While the re-birth of previously retired sets can bring happiness to collectors that previously missed out, the opposite is usually true when it comes to investors. The possibility of buying a newer version for retail diminishes the need for collectors to pay higher secondary market prices, resulting in a decrease in demand and the expected price decrease. Investors dump the old set quickly in order to secure a small profit or to cut their losses; market reaches equilibrium.
Up until fairly recently, re-releases had been limited to smaller or mid-range play sets like Jabba’s Sail Barge. The impact of the newer version is easily observed in the graph below:
While this kind of issue annoyed re-sellers, it was what came after that really started worrying them: the re-release of an Ultimate Collector’s Series set; the 10240 X-Wing.

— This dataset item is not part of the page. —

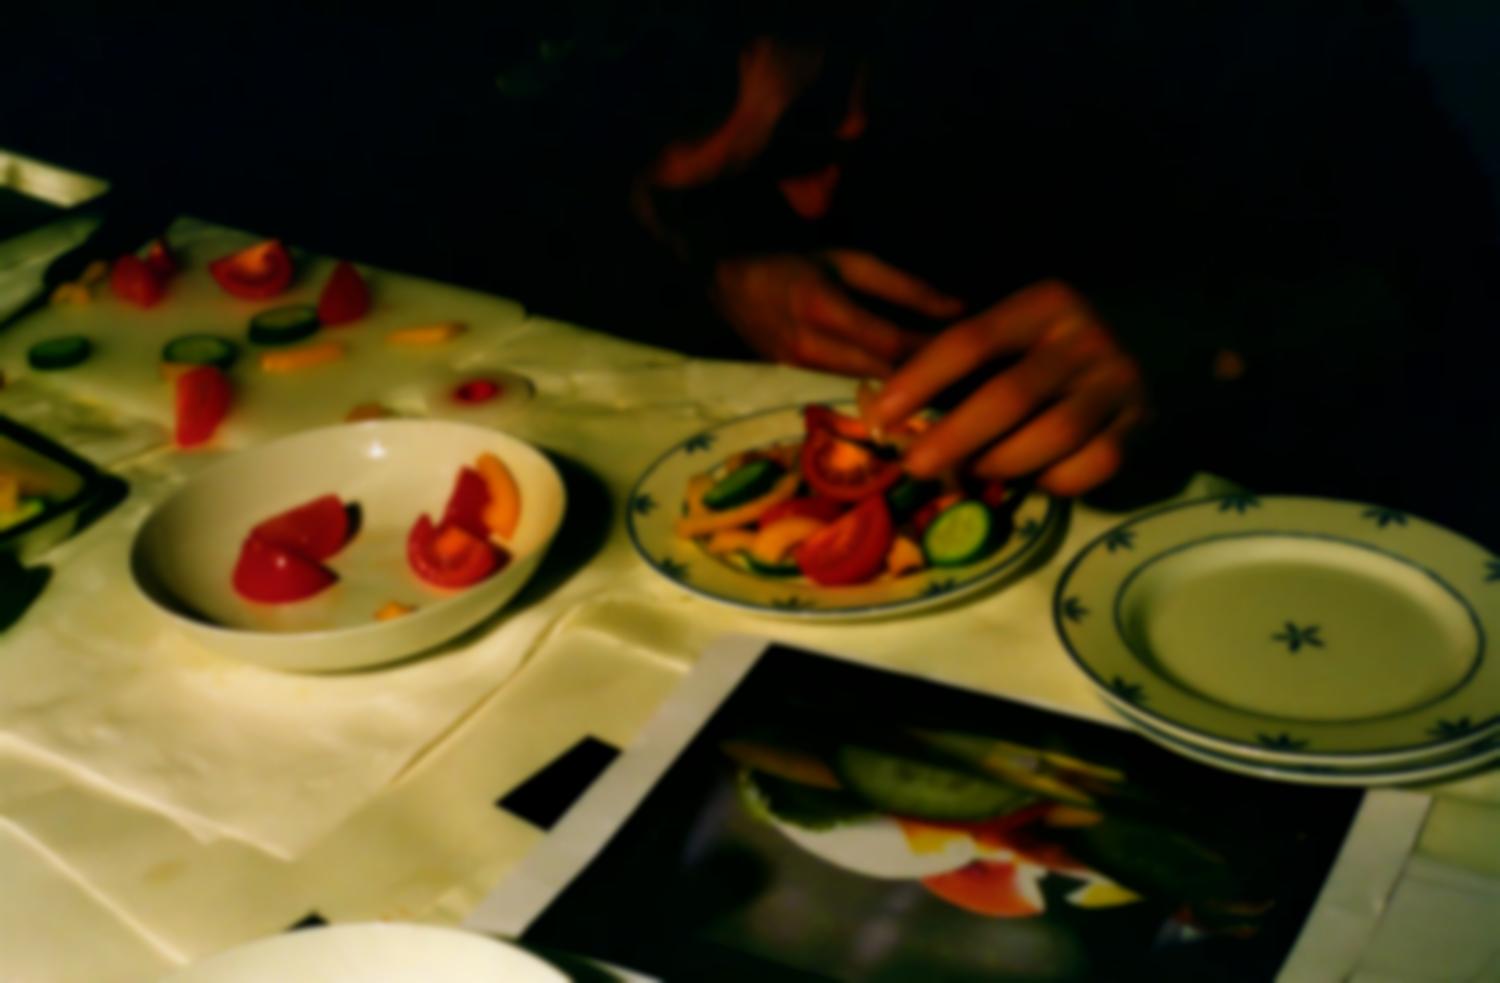 Tournage d'une publicité pour de la mayonnaise : le designer culinaire prépare une assiette de salade d'après une photo fournie par le client. Gennevilliers, décembre 2007.

Somewhat different from the original model, this was LEGO’s first attempt to re-releasing one of the largest and most expensive sets in the secondary market. This issue has hurt the original version, 7191, significantly over the last couple of years; a 2 year and 1 year Compound Annual Growth Rate (CAGR) of -4.27 and -25.34 percent respectively according to the latest Brickpicker data.
Despite the negative impact of the newer release, the original UCS X-Wing is still up over 500 percent of its original retail price. The serious collector is more than likely the source of demand for this set at the moment, which coupled with the relative scarcity has provided a price floor for 7191.
After the re-release of a UCS set, LEGO had opened the door to similar actions in the future. A lot of investors commented that this would be the beginning of the end of LEGO investing the way we knew it, and decided to make adjustments to their long-term investment strategy.
Enter the Winter Village holiday theme, one of the most admired and popular production lines in LEGO’s arsenal.
So far, LEGO has consistently released one new set per year on this line, while keeping no more than 2 on the shelves in any particular holiday season. Consequently, LEGO retires one Winter Village themed set per year, making it one of the most easily predictable retirements out there.
As investors, you can quickly understand why something like this would be appealing: shorter production runs limited to a few months of each year, somewhat concrete retirement dates and huge popularity with collectors are factors we all would like to see more when investing in LEGO.
Not surprisingly, the performance of the Winter Village theme has been quite stellar, as you can easily tell from the charts below:
Those are not only some really nice looking sets, but also pretty good investment returns.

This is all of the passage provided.